Model Deployment Troubleshooting Guide

Deployment Naming

Deployment Name Requirements

Uniqueness: Each deployment name must be unique within the organisation.
Naming Convention: Use descriptive names like llama-8b-chat-v1 or gemma-7b-prod
Character Limits: Use alphanumeric characters and hyphens only.
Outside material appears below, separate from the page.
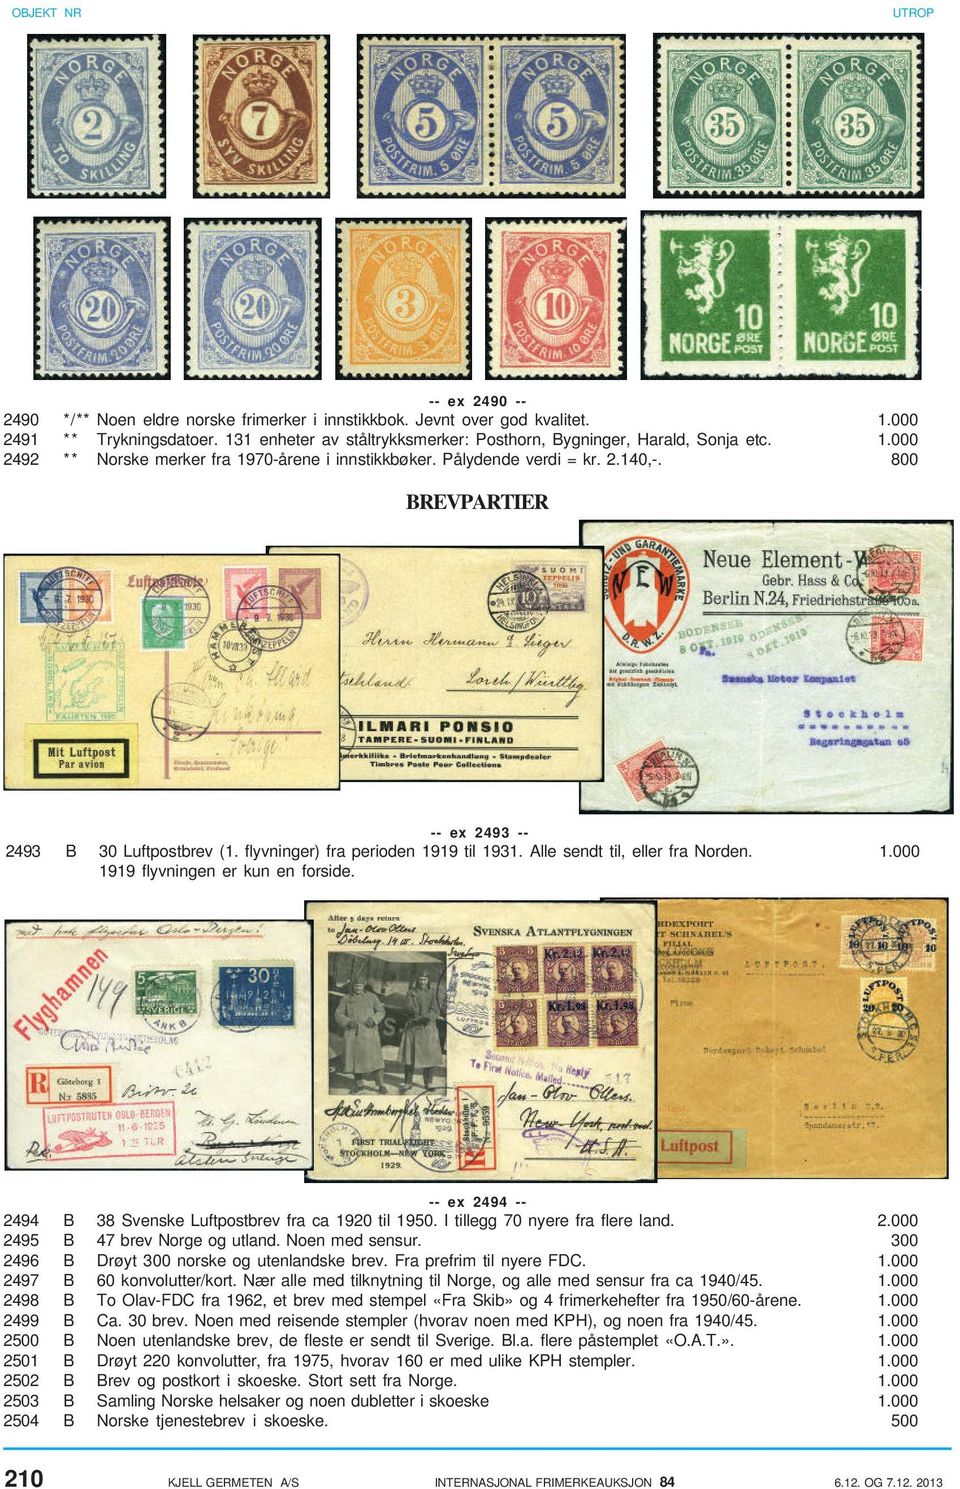 -- ex 2494 -- 2494 B 38 Svenske Luftpostbrev fra ca 1920 til 1950. I tillegg 70 nyere fra flere land. 2.000 2495 B 47 brev Norge og utland. Noen med sensur.
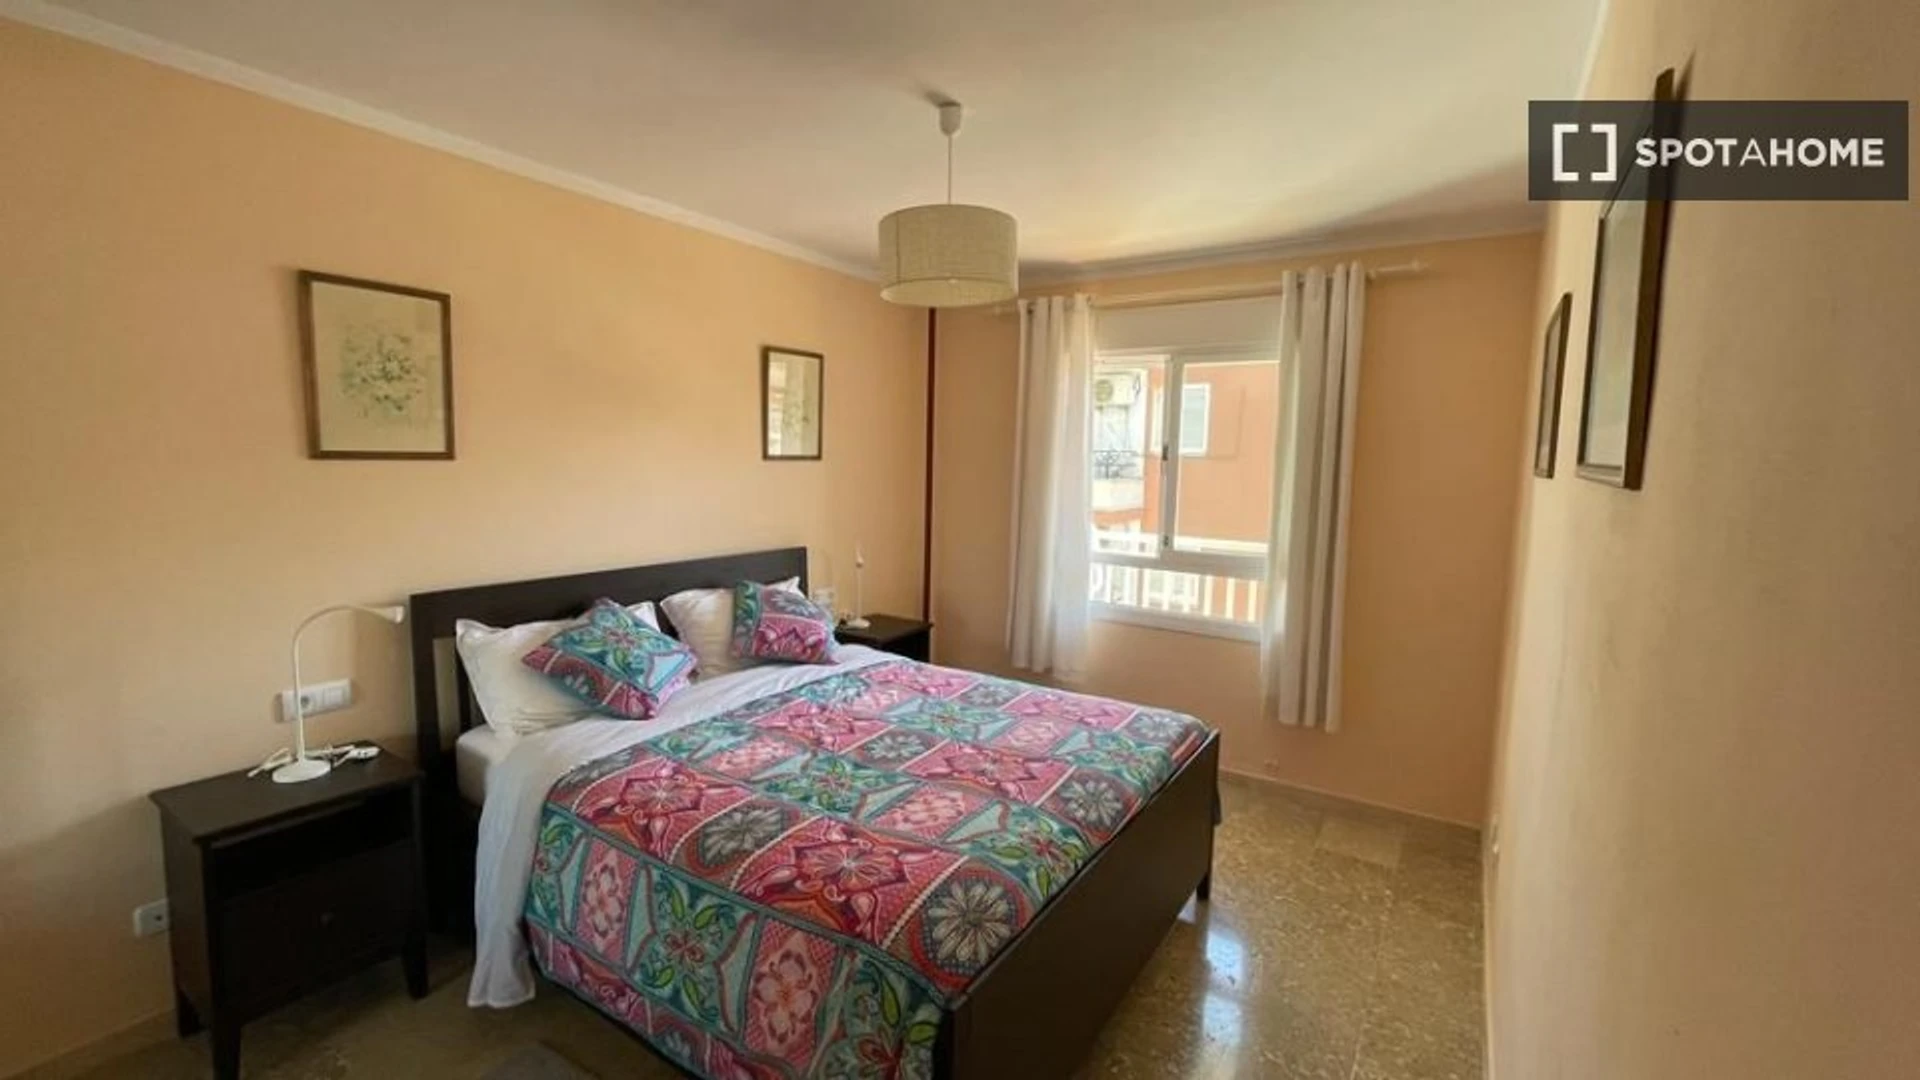 Alquiler de habitación en piso compartido en Palma De Mallorca

The deployment name should not start with a number.

If you use a duplicate name, you’ll receive an error message and cannot proceed with deployment.

Best Practices

✅ Good Examples:
- llama-3b-dev-v2
- gemma-7b-production
- mistral-8b-api-staging 

❌ Avoid:
- model1, model2 (not descriptive)
- test (too generic)
- prod.model (special characters)

Cluster Selection

Cluster: Always select Simplismart Cloud

Accelerator Type Selection

Accelerator TypeDecision Matrix

Model Type	Model Size	Recommended Accelerator Type	Auto-Selected Instance
Small Models	Llama 3B, Gemma 2B	`T4`	Based on model TP value
Medium Models	Llama 8B, Gemma 7B	`L40s`	Single-GPU or Based on model TP value
Large Models	Llama 70B, Qwen 32B	`H100`	Multi-GPU configuration

Automatic GPU Instance Selection

The system automatically determines GPU instance count based on your model’s Tensor Parallel (TP) configuration:

Model TP = 1  →  1x GPU instance
Model TP = 2  →  2x GPU instance  
Model TP = 4  →  4x GPU instance
Model TP = 8  →  8x GPU instance

Example: If you select a model with TP=4 and choose H100 node group → System deploys 4xH100 automatically.

Scaling Configuration

Scaling Parameters Pod Scaling Settings

Min Pods: Minimum number of replicas.
Max Pods: Maximum replicas.

Metric	Use Case	Recommended Threshold	Notes
GPU Utilization %	GPU-intensive inference	80%	Best for ML model scaling
Memory Usage	Memory-bound applications	80%	Prevents OOM errors
GPU Memory Usage	Large model deployments	85%	Critical for model performance
Latency	Response time sensitive apps	500ms	User experience focused
Throughput	High-volume applications	100 req/sec	Capacity-based scaling

Scaling Strategy Examples

# Aggressive Scaling (Variable Traffic)
Min Pods: 1  
Max Pods: 20
Metric: GPU Utilisation
Threshold: 60%   

# Latency-Sensitive Scaling
Min Pods: 3
Max Pods: 15
Metric: Latency
Threshold: 300ms

Rapid Autoscaling (Simplismart Cloud)

Feature Overview

Activation: Toggle switch at bottom of deployment screen.
Benefit: Pods spin up in seconds to minutes instead of standard deployment times

How It Works

Pre-cached Images: Model images are cached in pre-puller system.
Instant Scaling: No image download time during scale-up events.
Resource Optimization: Faster response to traffic spikes.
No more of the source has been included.